During storage period there were a decrease in acidity during cold storage up to 3 weeks of storage, then an increase in acidity up to 8 weeks and a decline towards the end of the storage period, for both treated fruits and controls .These results are in agreement with El-Zeftawi (1976) and Elshiekh and Abo-Goukh (2008).
Vitamin C contents: Results in Fig. 5 indicate that compared with controls there were no significant effects between all treatments and controls during cold storage in vitamin C contents for 11 week in 2009 and 13 weeks in 2010. Prolonging storage period up to 14 week caused significant decrease for all treatments compared with controls in the two experimental seasons.

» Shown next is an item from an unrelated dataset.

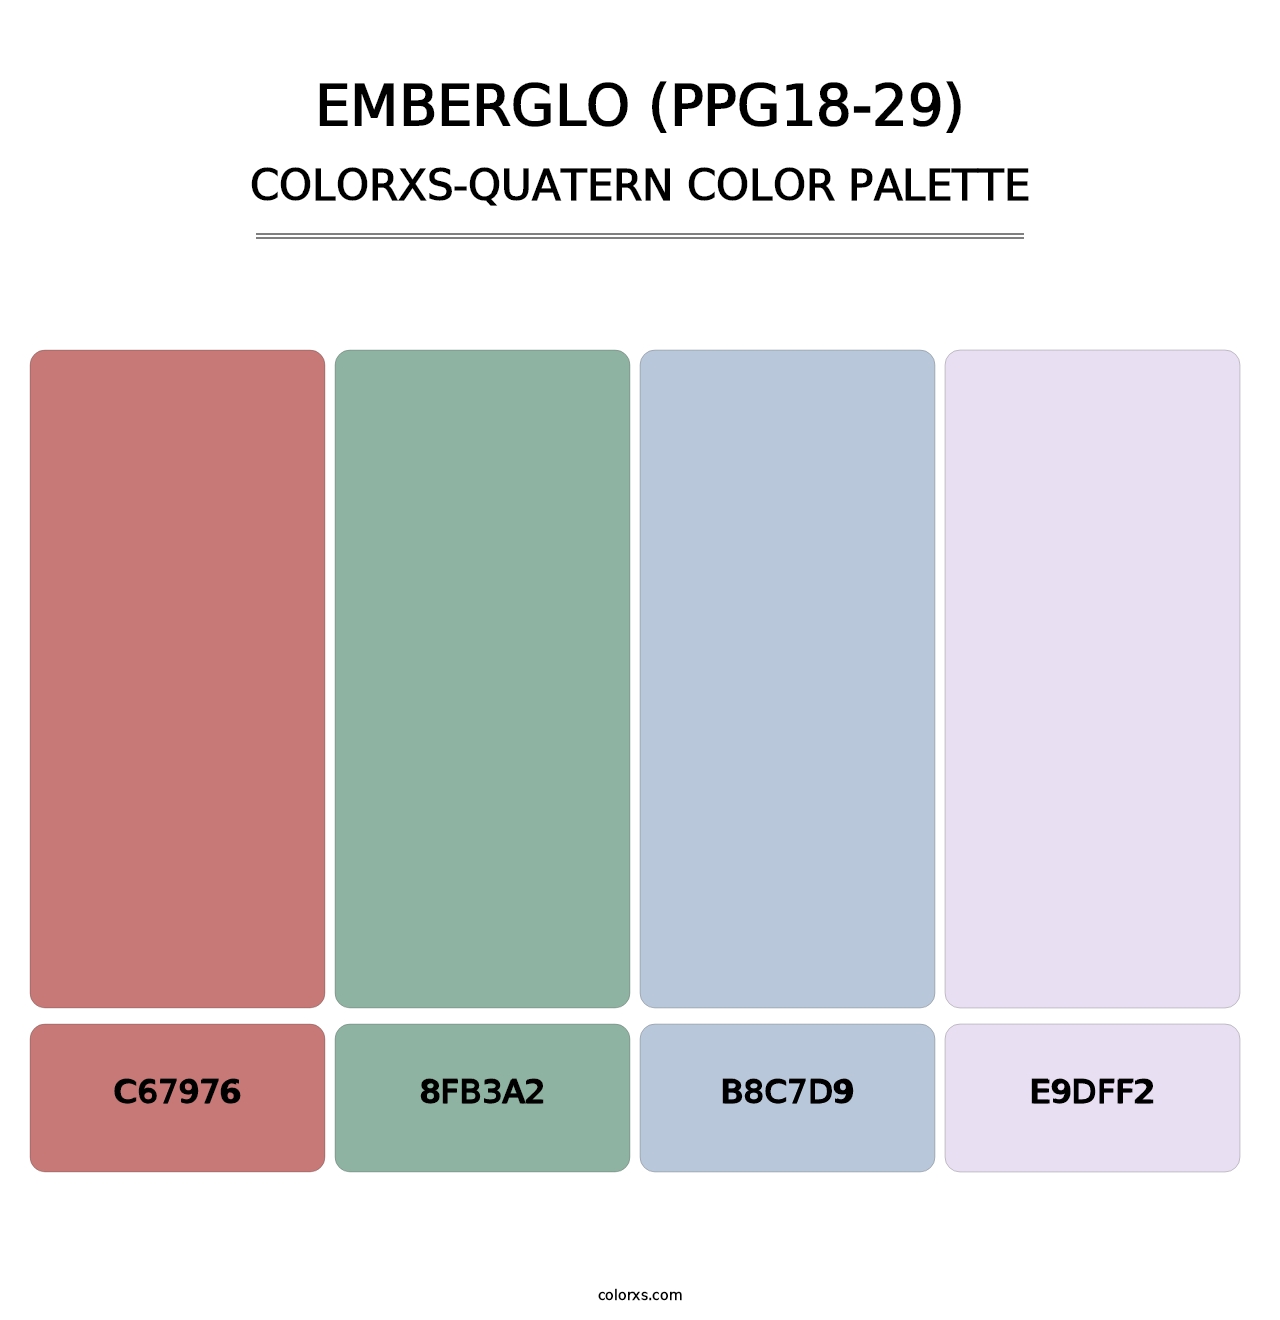 Emberglo (PPG18-29) - Colorxs Quatern Palette
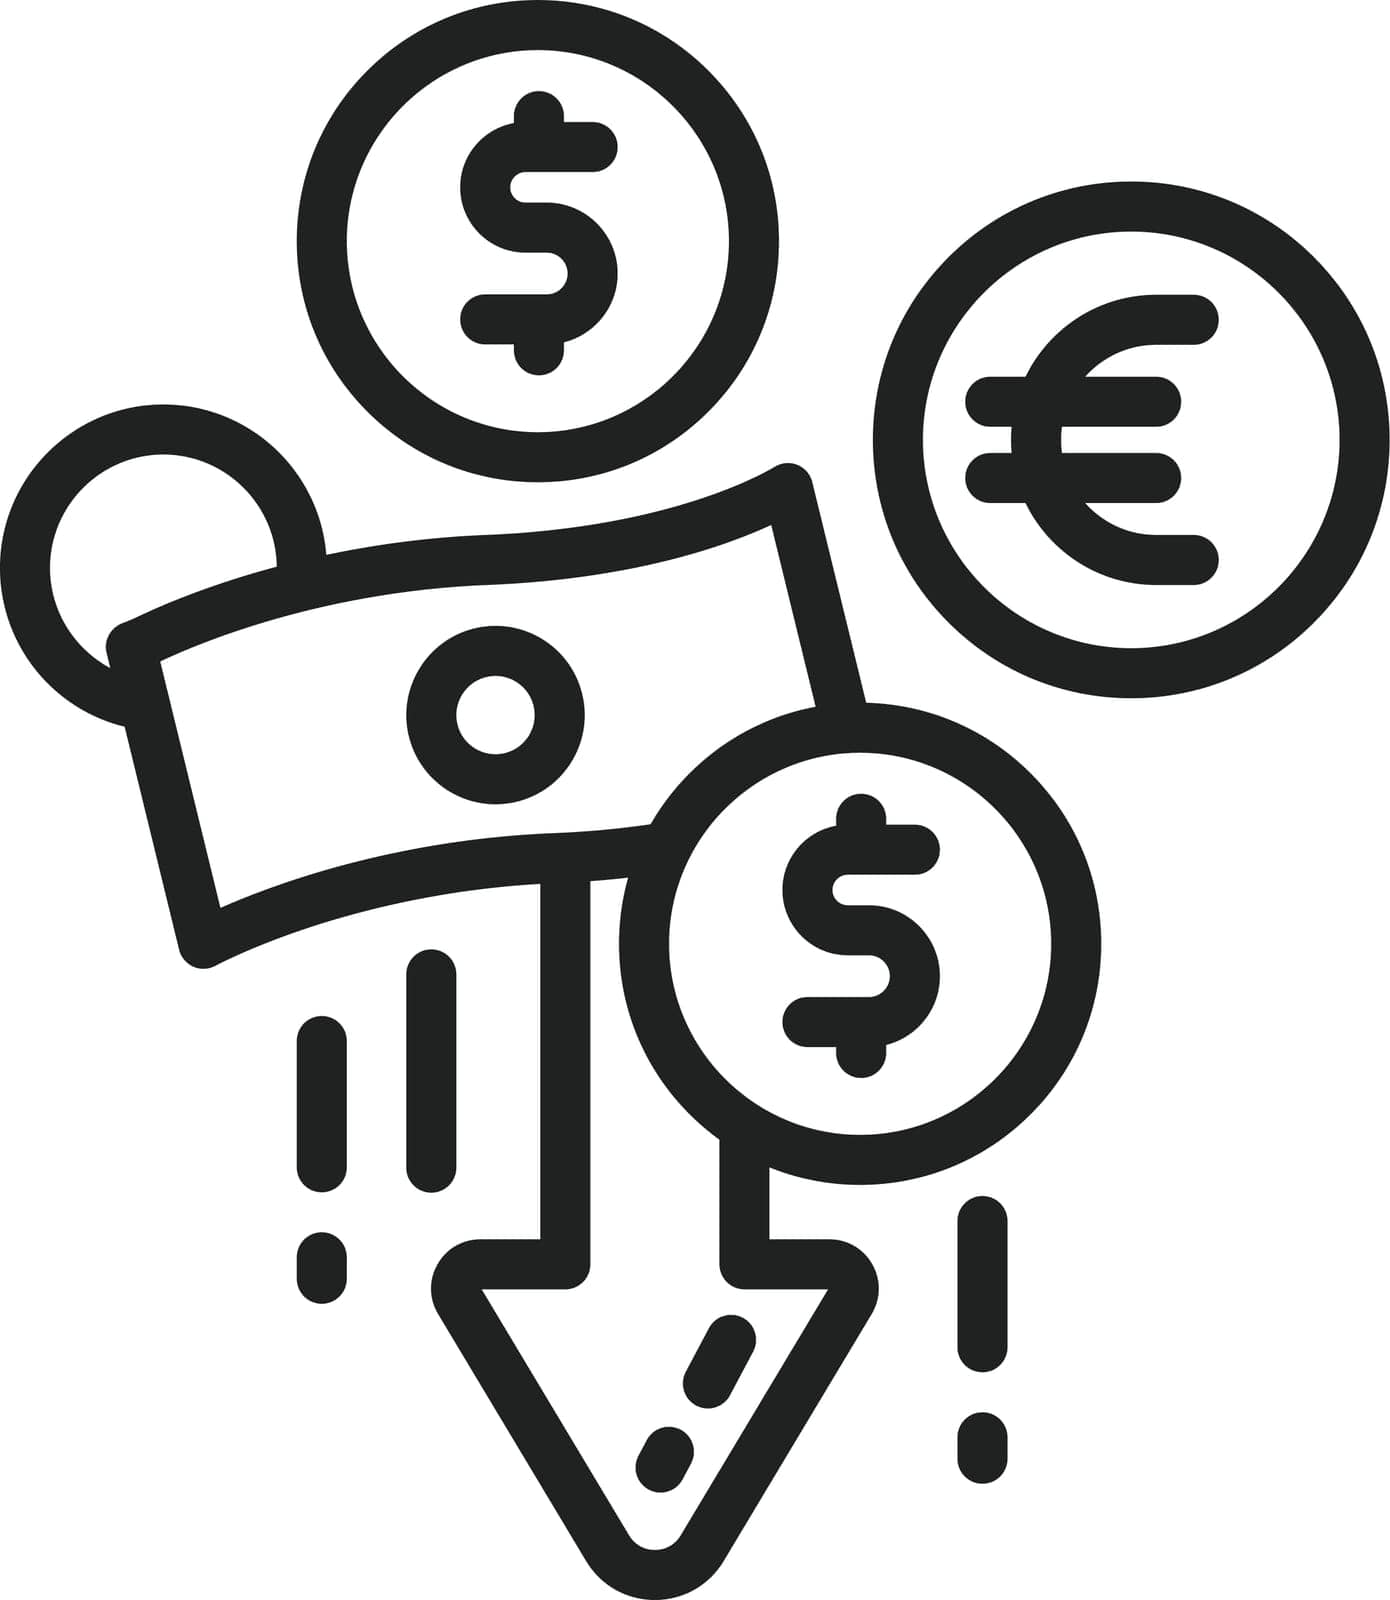 Currency Down icon vector image. Suitable for mobile application web application and print media.

| Fig. 4: | Effect of lime thyme and camphor essential oil’s applications on Total acidity, of “Balady” Oranges, during cold storage for 14 weeks, in 2009 and 2010 seasons. Whereas, T1-T6 as described in footnote of Fig. 1 |
| Fig. 5: | Effect of lime thyme and camphor essential oils applications on Vitamin C. content, of “Balady” Oranges, during cold storage for 14 weeks, in 2009 and 2010 seasons. Whereas, T1-T6 as described in footnote of Fig. 1 |
During cold storage for 14 weeks it is clear from Fig. 5 that Vitamin C was gradually decreased as storage prolonged, for both control and all treatments. This agree with Trifiro et al. (1995), who describe maximum decrease of 8% in ascorbic acid in fresh juices of blood Oranges stored at 3°C for 30 days. Kabasakalis et al. (2000) and Del Caro et al. (2004). They reported that cold storage of fresh Orange juice for 31 days lost 7 to 13% of its ascorbic acid content. Also, they reported that segments of Minneola and salustiana Orange cultivars showed a significant decrease in ascorbic acid after 12 days of storage at 4°C. Ajibola et al. (2009), who found a significant decrease in ascorbic acid after 4 weeks of cold storage at 4±1°C.